Here is one approach to understanding Newton's method that generalizes easily to your situation. Let $n(x)=x-f(x)/f'(x)$. Newton's sequence approximating a root is defined recursively by $x_{k+1}=x_k-f(x_k)/f'(x_k)$ or $x_{k+1}=n(x_k)$. Thus, if $c$ is a root of $f$, we are interested in the difference $n(x)-c$, when $x$ is close to $c$. This can be estimated using a series expansion of $n$ about $c$:
$$n(x) \approx c+\frac{f''\left(c\right)}{2
f'\left(c\right)}\left(x-c\right){}^2+O\left(\left(x-c\right){}^3\right).$$
From here, it's pretty easy to see that the difference between $n(x)$ and $c$ is proportional to $(x-c)^2$, i.e. you expect quadratic convergence of the sequence defined recursively by $x_k=n(x_{k-1})$.

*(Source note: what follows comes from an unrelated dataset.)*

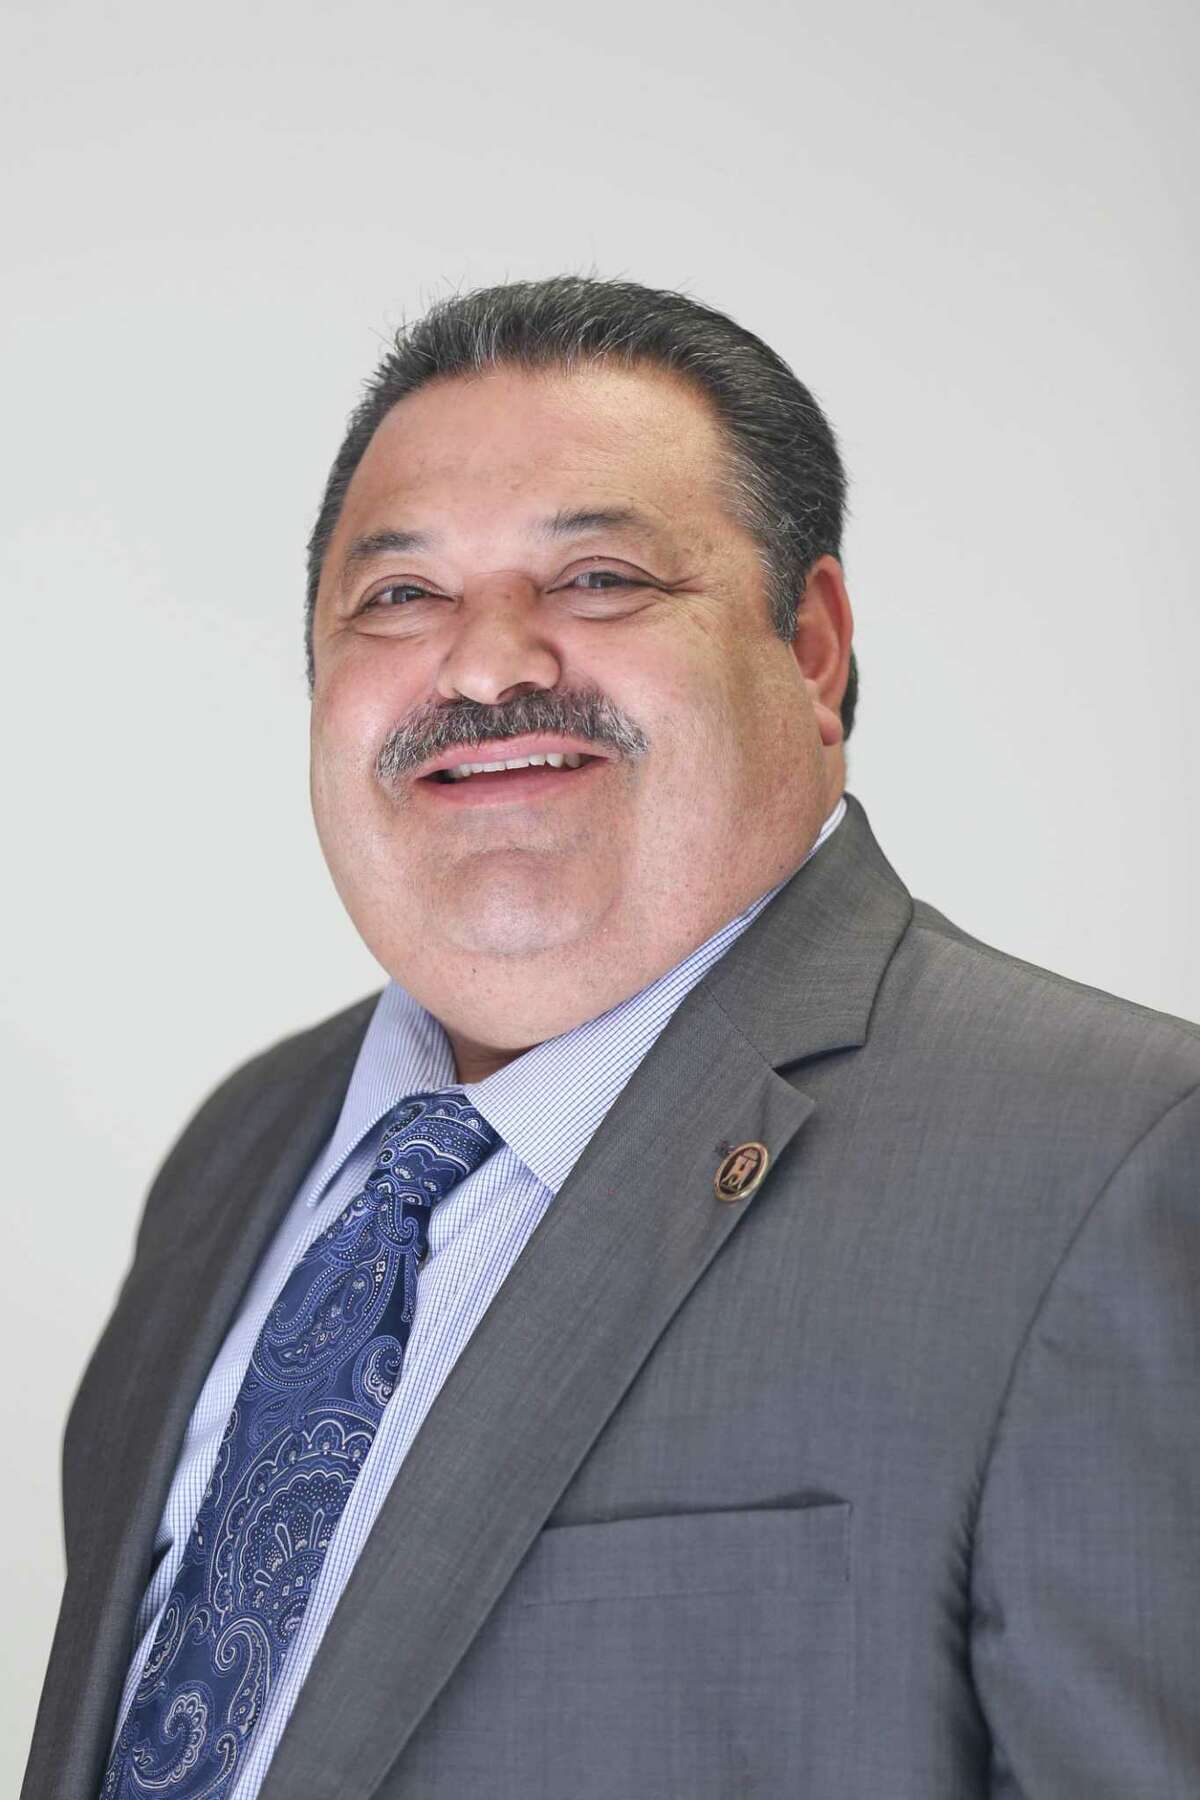 Rey Madrigal is the superintendent of Harlandale ISD.

Now, try the same thing with $n(x)=x-f(x)/f'(x_0)$, where $x_0$ is the fixed first term in your sequence. Again, expanding $n$ about $c$, where $f(c)=0$, we get
$$n(x) \approx c+\left(1-\frac{f'(c)}{f'\left(x_0\right)}\right)(x-c) - \frac{f''(c)}{2 f'\left(x_0\right)}(x-c)^2 +O\left((x-c)^3\right).$$
Quadratic convergence is now lost due to the first order term.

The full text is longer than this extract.